Custom color your primer. I brought my woe to the owner of the paint store where we got all our stuff. He suggested that they could tint the primer to match the finish paint. I was surprised. "You can do that? And for me?" I asked. "Matt, we do it all the time. As long as we know the number/name of the finish paint custom color. Just figure on a couple of bucks added to the price of the primer for the pigment." Since then we have done just that when the job called for a really dark finish paint: had the primer also mixed, along with the custom color, to the same tint by the paint store. And it works great! Primer coat and two coats of the paint. And except for one more really, really deep red that we came across last summer (requiring three finish coats after the custom-tinted primer) any dark paint color covered completely, giving us a wonderfully rich paint job.

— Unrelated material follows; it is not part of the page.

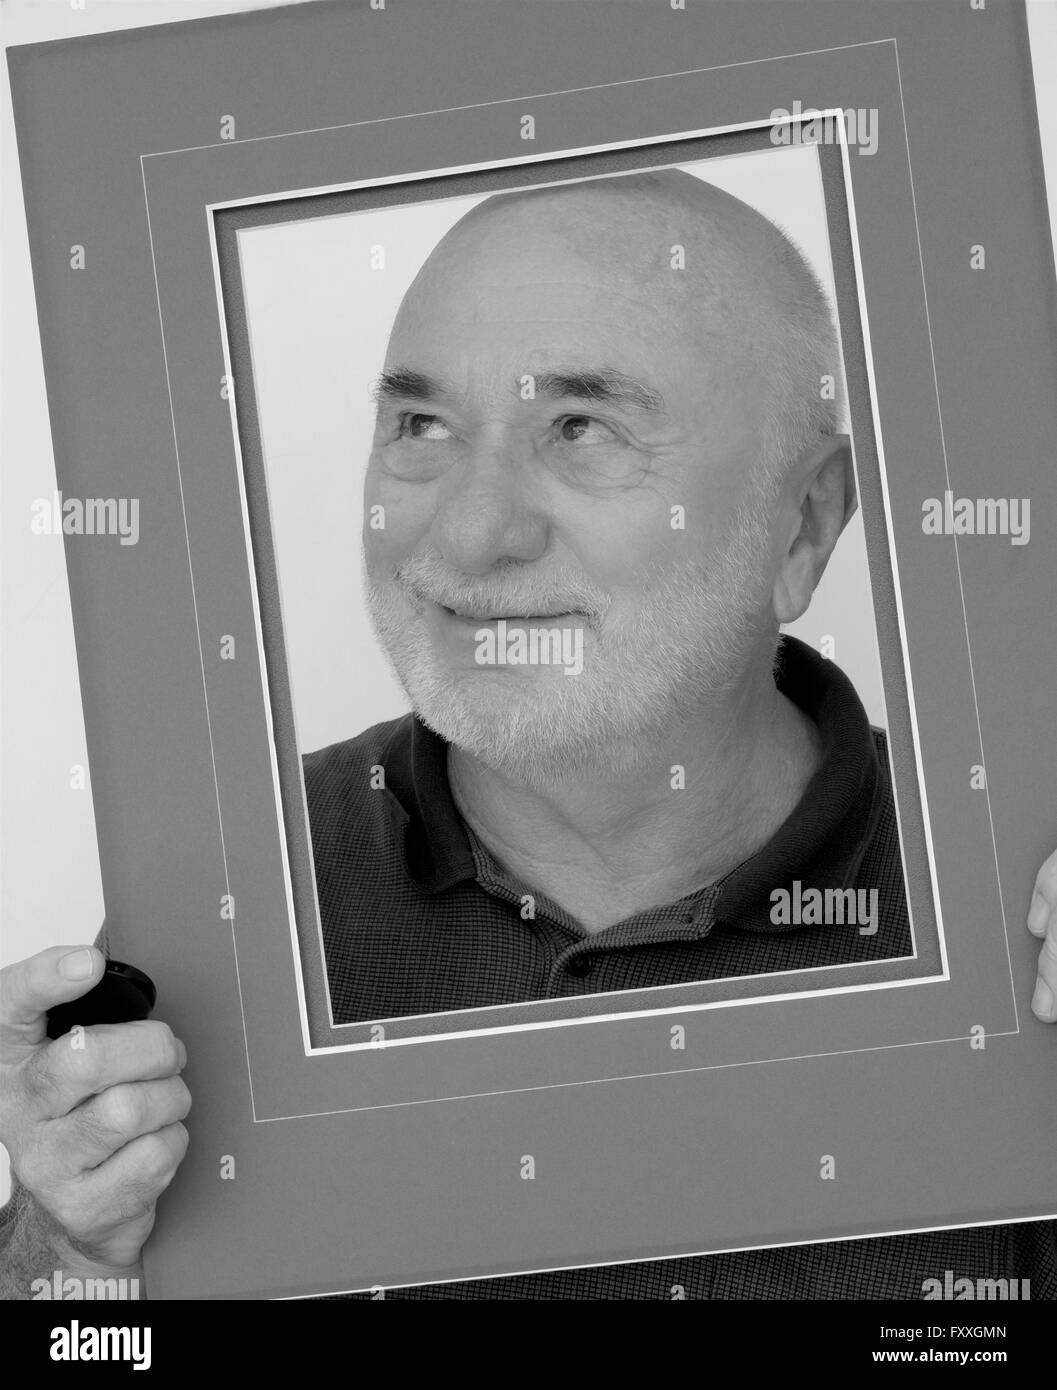 A cranky old man framed in black and white. Stock Photo

SHELLAC, BY ANY OTHER NAME, IS JUST A BUG
Pen marks on the wall??! Have you ever tried to paint over them with a latex (water-based) paint? Any mom or dad knows what I'm talking about (children love to write on the walls and some are even encouraged to). An electrician in San Francisco that I liked very much seemed to have a blind spot about pen on the walls. No matter how many times I asked him not to, he and his crew would mark potential outlet and switch sites with a pen. (They would even occassionally doodle their plans in pen on the wall, wherever they happened to be standing for their discussion!) He really was a great guy but this was his only failing. If you are painting an oil (alkyd) based paint over pen then chances are it will cover, at least in two coats. Water (latex) paint, though, will not cover this in five, six, seven coats... the pen will continue to bleed through!
Which brings me to the solution for this problem, if you encounter it. A little insect called laccifera, or just plain lac bug, secretes a resinous substance that protects its eggs. Unfortunately for the lac bug, people discovered that this substance, when dissolved in alcohol, forms an excellent stain killer known as (yes, your guessed it) shellac. We keep a spray can of clear shellac in our painting tools bucket for just these situations. A light spray coat can be re-coated withing five or ten minutes and will seal ink or marker in nicely. Then the finish paint can go over a dried shellac spot usually within a half an hour or so.